AI engineers at Amazon have developed a novel way to learn users’ musical tastes and affinities — by using song playback duration as an “implicit recommendation system.” Bo Xiao, a machine learning scientist and lead author on the research, today described the method in a blog post ahead of a presentation at the Interspeech 2018 conference in Hyderabad, India.
Distinguishing between two similarly titled songs — for instance, Lionel’s Richie’s “Hello” and Adele’s “Hello” — can be a real challenge for voice assistants like Alexa. One way to resolve this is by having the assistant always choose the song that the user is expected to enjoy more, but as Xiao notes, that’s easier said than done. Users don’t often rate songs played back through Alexa and other voice assistants, and playback records don’t necessarily provide insight into musical taste.
“To be as useful as possible to customers, Alexa should be able to make educated guesses about the meanings of ambiguous utterances,” Xiao wrote. “We use machine learning to analyze playback duration data to infer song preference, and we use collaborative-filtering techniques to estimate how a particular customer might rate a song that he or she has never requested.”

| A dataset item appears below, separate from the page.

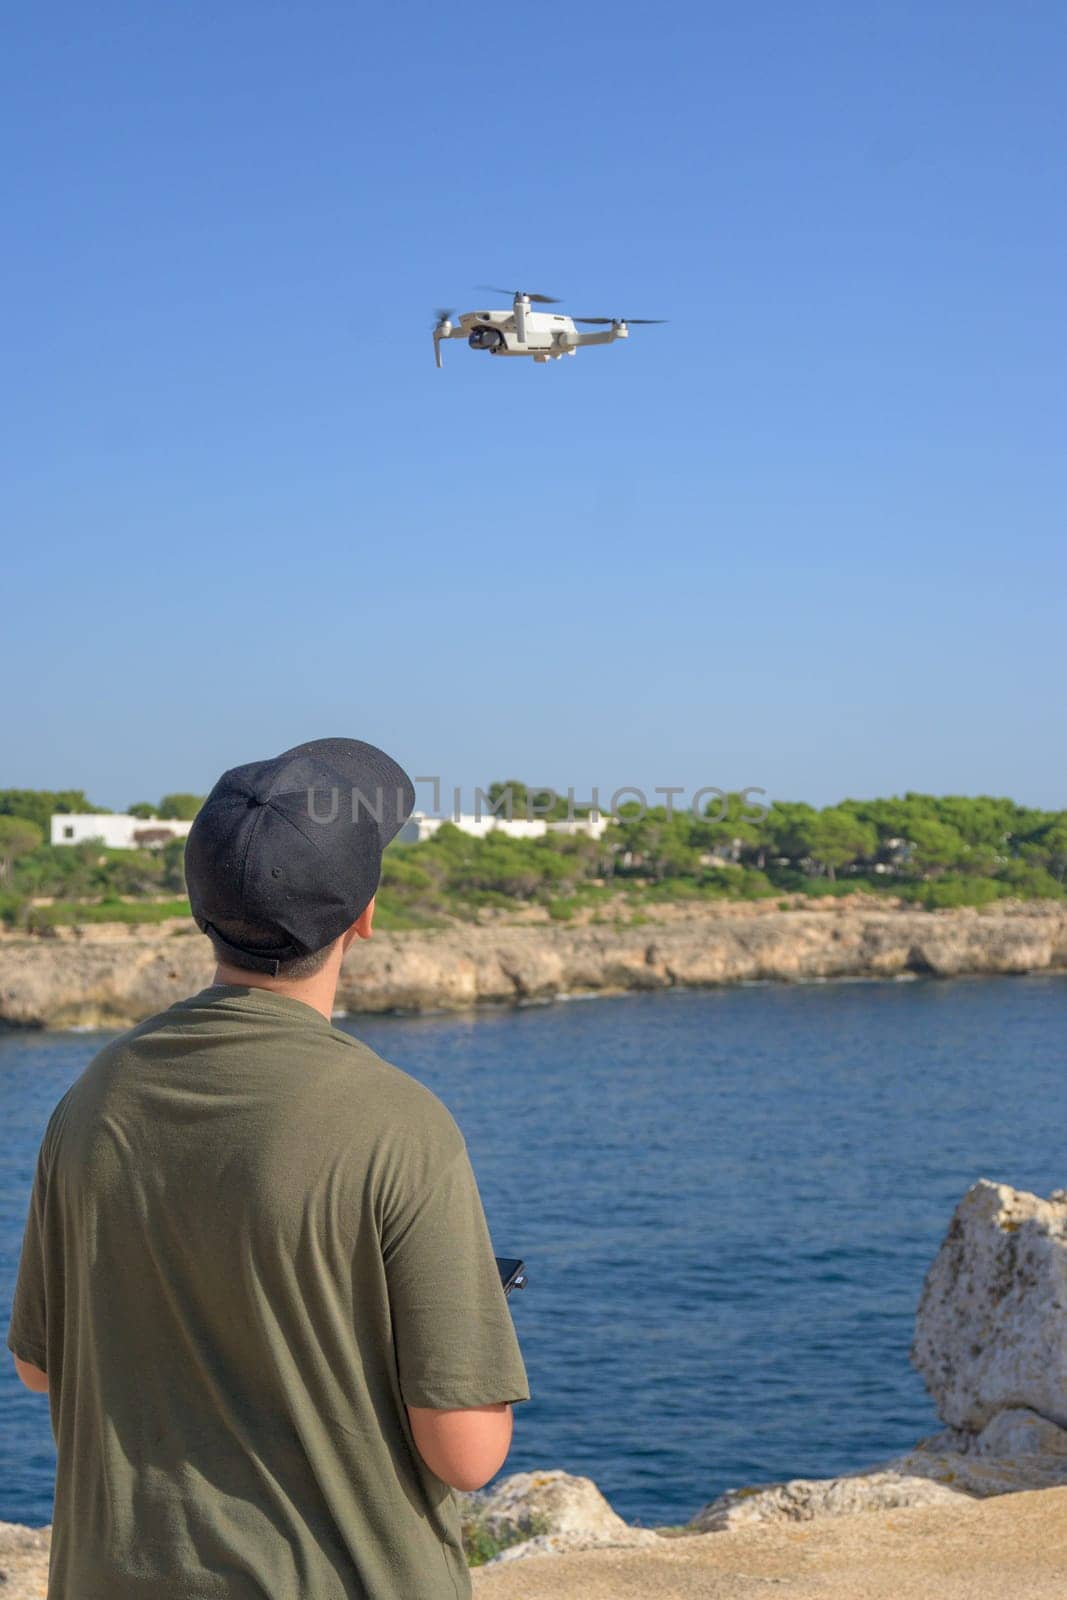 Rear view of teenage boy, flying drone on Mediterranean coast, against blue sky during sunny day Spain, Balearic Islands

The researchers found a solution in song duration. In a paper (“Play Duration based User-Entity Affinity Modeling in Spoken Dialog System”), Xiao and colleagues reasoned that people will cancel the playback of songs they dislike and let songs they enjoy continue to play, providing a dataset on which to train a machine learning-powered recommendation engine.

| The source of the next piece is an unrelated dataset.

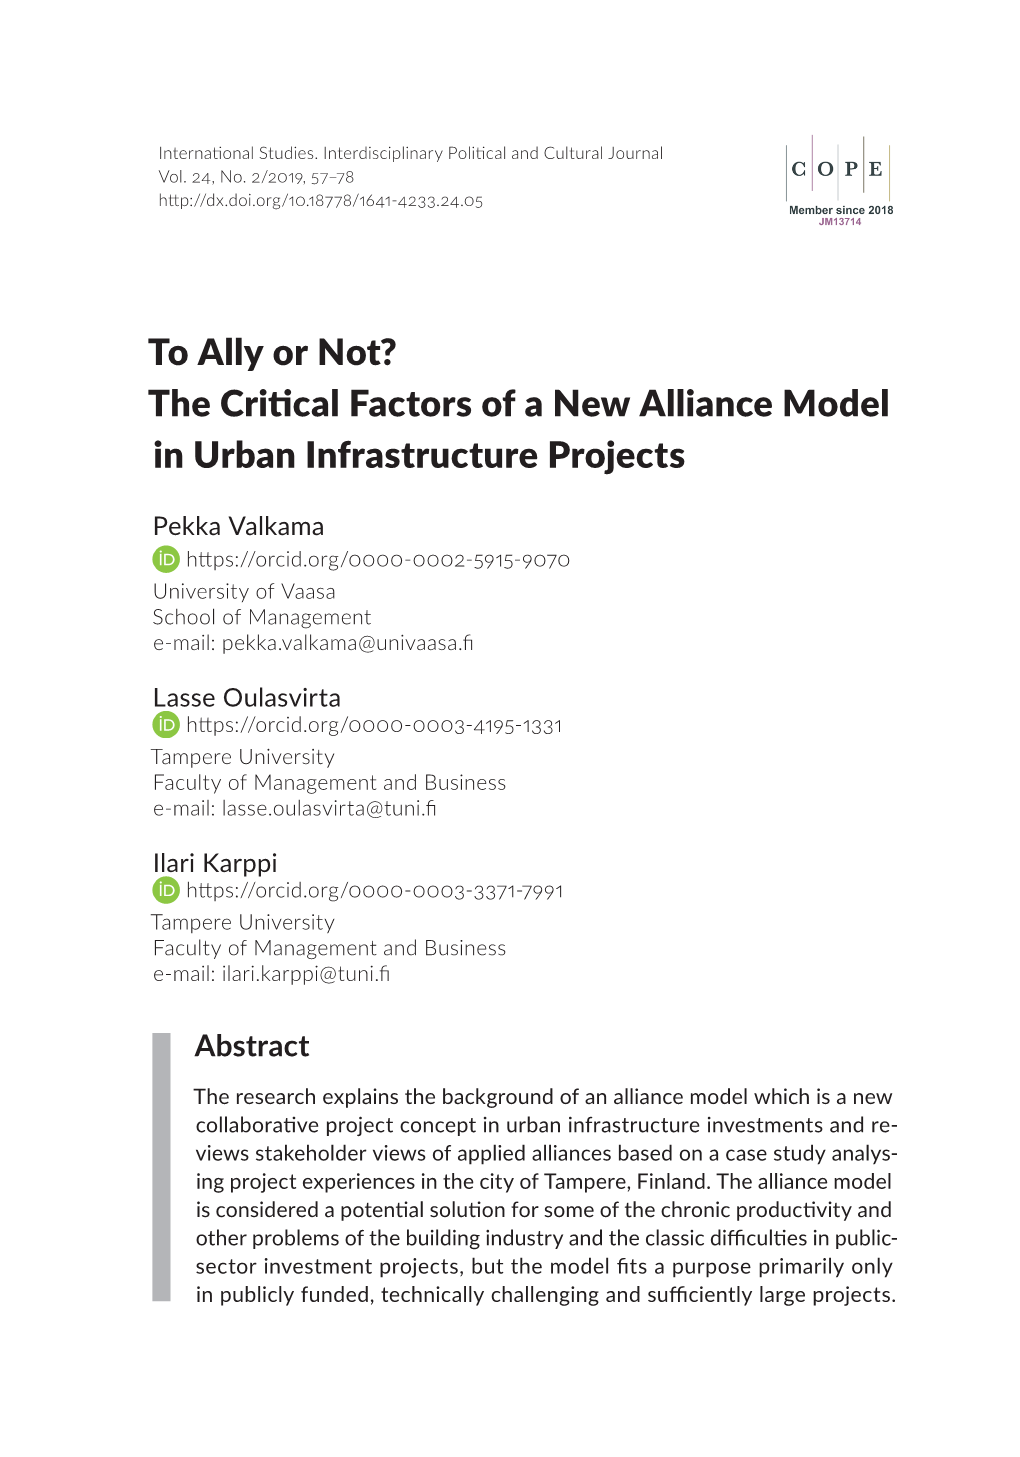 To Ally Or Not? the Critical Factors of a New Alliance Model in Urban Infrastructure Projects

They divided songs into two categories: (1) songs that users played for less than 30 seconds and (2) songs that they played for longer than 30 seconds. Each was represented as a digit in a matrix grid — the first category was assigned a score of negative one, and the second a score of positive one.
To account for playback interruptions unrelated to musical preference, such as an interruption that caused a user to stop a song just as it was beginning, they added a weighting function. Songs received a greater weight if they were played back for 25 seconds instead of one second, for example, or for three minutes instead of two minutes.
When evaluated against users’ inferred affinity scores, the correlation was strong enough to demonstrate the model’s effectiveness, Xiao said. Furthermore, it implied that it’s good for more than music — in the future, the researchers plan to apply it to other content, such as audiobooks and videos.